Creative Method To Obtain All The Weights

Relevant wiki: Systems of Linear Equations - Problem Solving

Each of the boys is on the scale a total of 4 times, so the sum of the 10 weighings will be 4 times the weight of the 5 boys together. As the sum of the given values is $1056$ kg, we know that the sum of the weights of the 5 boys is $1056/4 = 264$ kg.

Letting $x_{k}, 1 \le k \le 5$ , be the weights of the 5 boys in ascending order, we have that

$x_{1} + x_{2} + x_{3} + x_{4} + x_{5} = 264, x_{1} + x_{2} = 86, x_{4} + x_{5} = 127$ and $x_{3} + x_{5} = 119$ .

Then $x_{3} + x_{4} + x_{5} = x_{1} + x_{2} + x_{3} + x_{4} + x_{5} - (x_{1} + x_{2}) = 264 - 86 = 178$ ,

and so $x_{4} = x_{3} + x_{4} + x_{5} - (x_{3} + x_{5}) = 178 - 119 = \boxed{59}$ kg.

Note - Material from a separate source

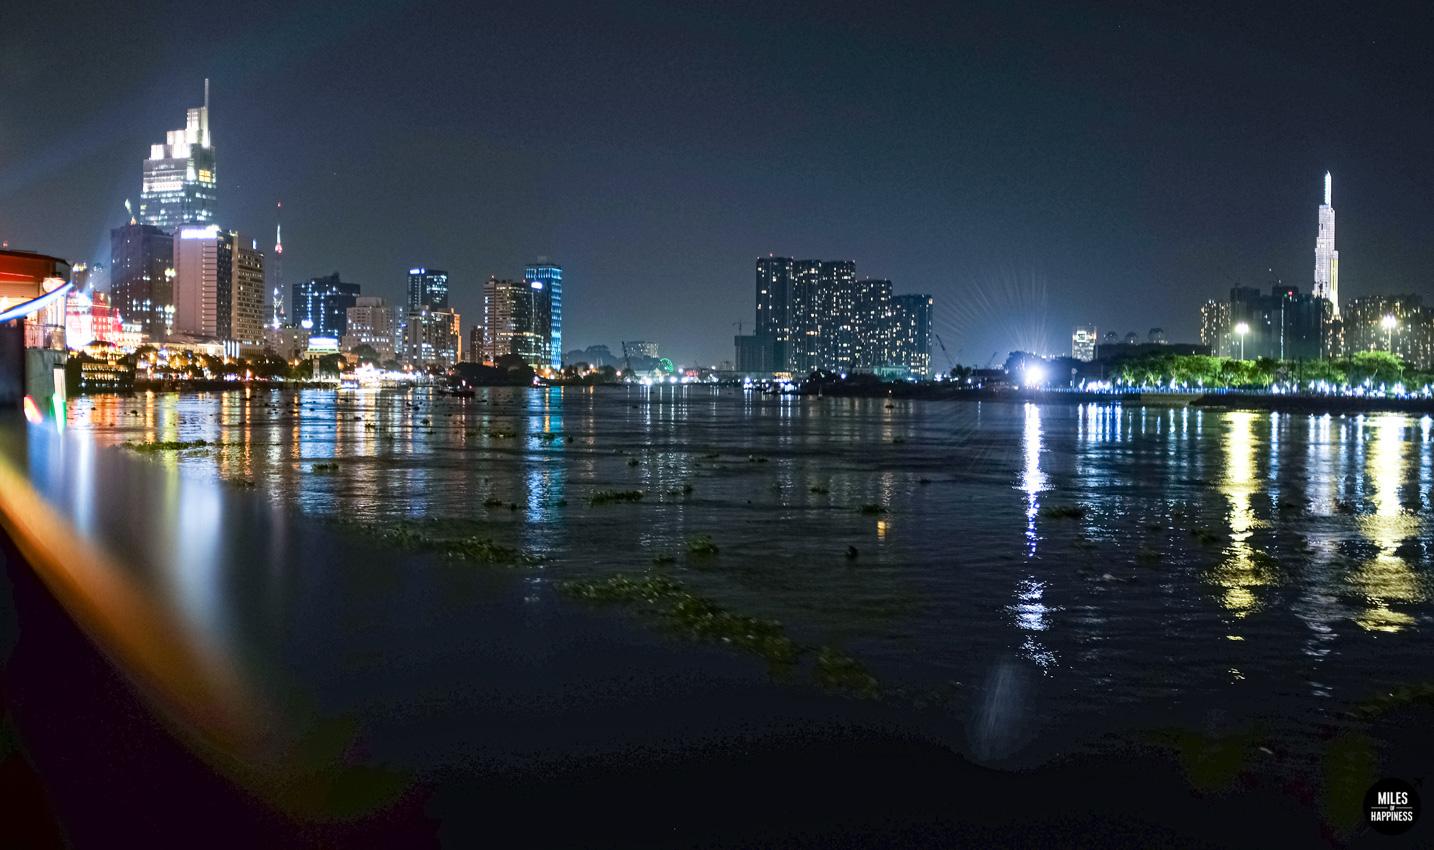 An evening on Saigon River - With Bonsai Cruise

Let the weights of the boys be $a<b<c<d<e$ . From the question ,we have

$a+b=86\\a+c=92\\c+e=119\\d+e=127$

This implies that

$e=a+27\\c=b+6\\d=c+8$

Now, consider the sum resulting in 96. It is either $a+d$ or $b+c$ . Clearly it cannot be $a+d$ as $d=c+8$ . Hence $b+c=96 \Rightarrow b=a+4\Rightarrow e=d+9$ . Thus, we have $d = a+18$ .

Solving the very first equation, $a+b=86$ , we have $2a+4=86\Rightarrow a=41\Rightarrow d = a+18=59$ .

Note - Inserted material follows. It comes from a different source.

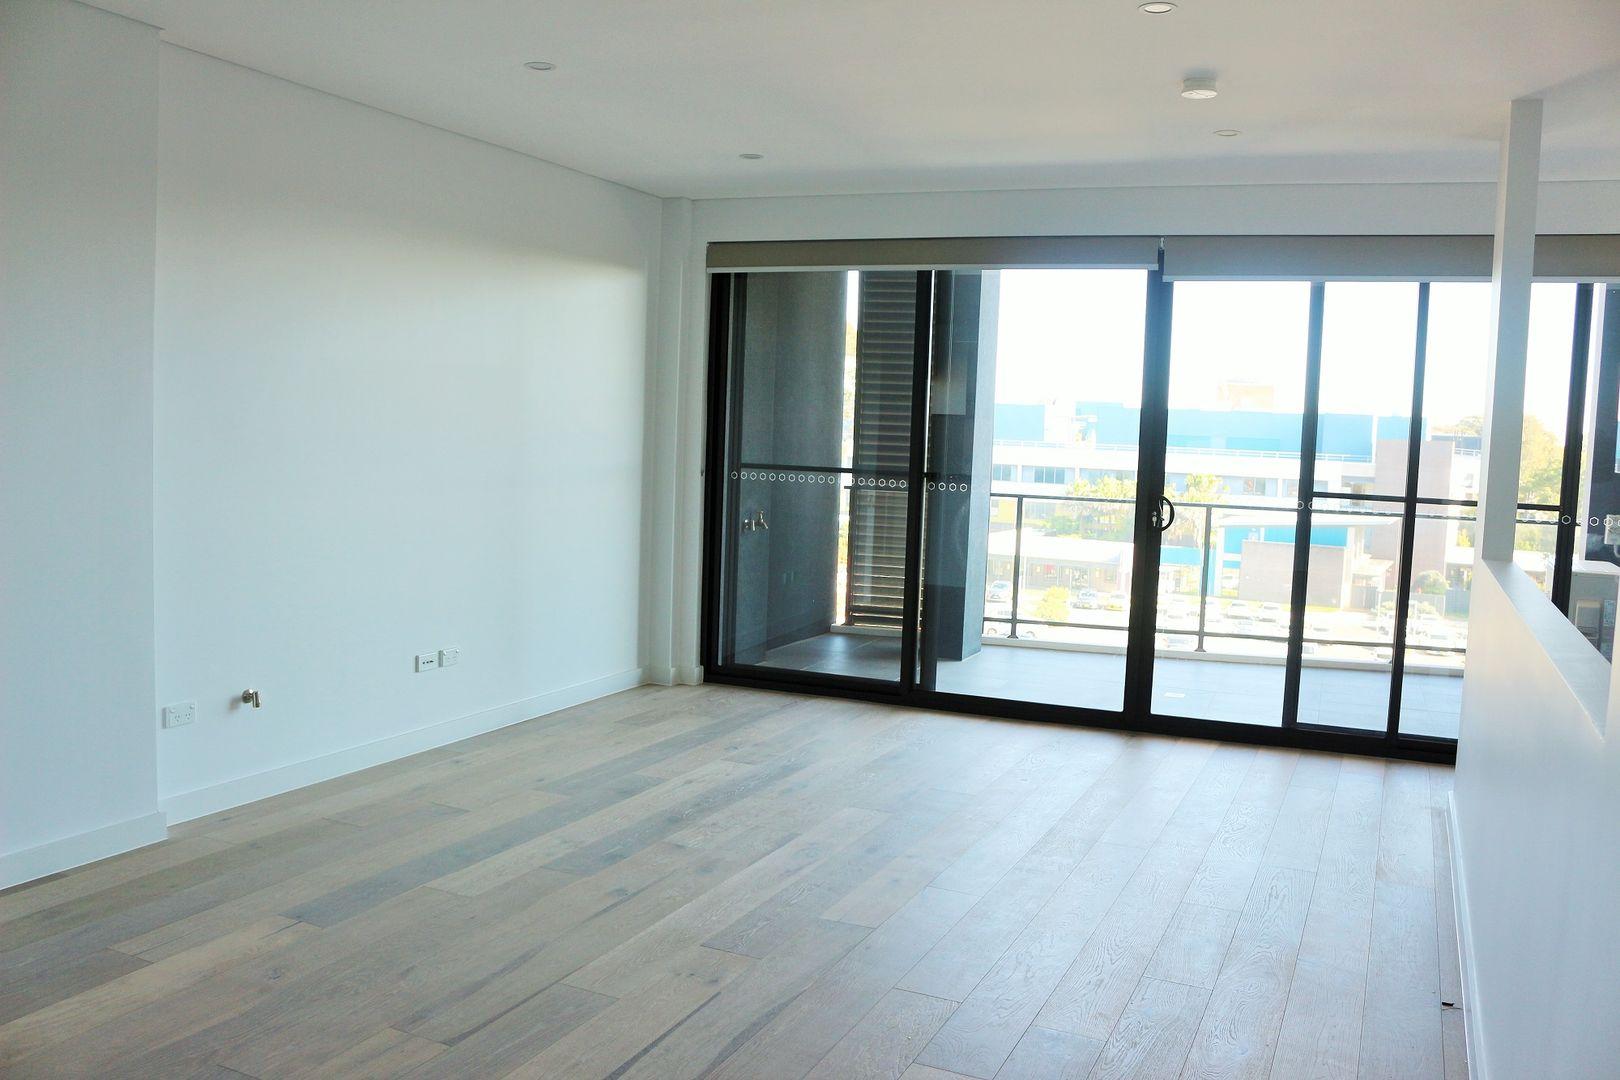 508/315 Taren Point Road, Caringbah NSW 2229 - Apartment

Now, let the weights of the boys be $a,b,c,d,e$ . The weights here are arranged in ascending order.

Each boy will be weighed $4$ times within the $10$ weighings. This means that if we add up all the $10$ measurements, we get

$4(a+b+c+d+e) = 86+92+96+100+104+109+110+113+119+127\\ a+b+c+d+e = \dfrac{1056}{4} = 264$

Now, we know that the smallest measurement is for $a+b$ , and the largest measurement is for $d+e$ . This gives:

$a+b = 86\quad\quad\quad d+e=127$

Substitute these two into the equation above:

$86+c+127 = 264 \implies c = 51$

Notice that the second last sum must be $c+e$ . This is because $c+e > c+d$ and $c+e > b+e$ . Therefore,

$c+e = 119\\ 51 + e = 119\\ e= 68$

Now, we can find the weight of the second heaviest boy, which is $d$ :

$d+e = 127\\ d+68=127\\ d=\boxed{59}$

Note: In a similar method, you can use the first two sums to find $a$ and $b$ . The answer would be $a=41,\;b=45$

I guess I took a shortcut. Total weight of the four boys is 264 (add the 10 numbers together and divide by 4, since each boy is part of 4 pairs). Subtract out the top two (127) and the bottom 2 (86 - NOT 82 as shown in the graphic!). This means the middle boy weighs 51.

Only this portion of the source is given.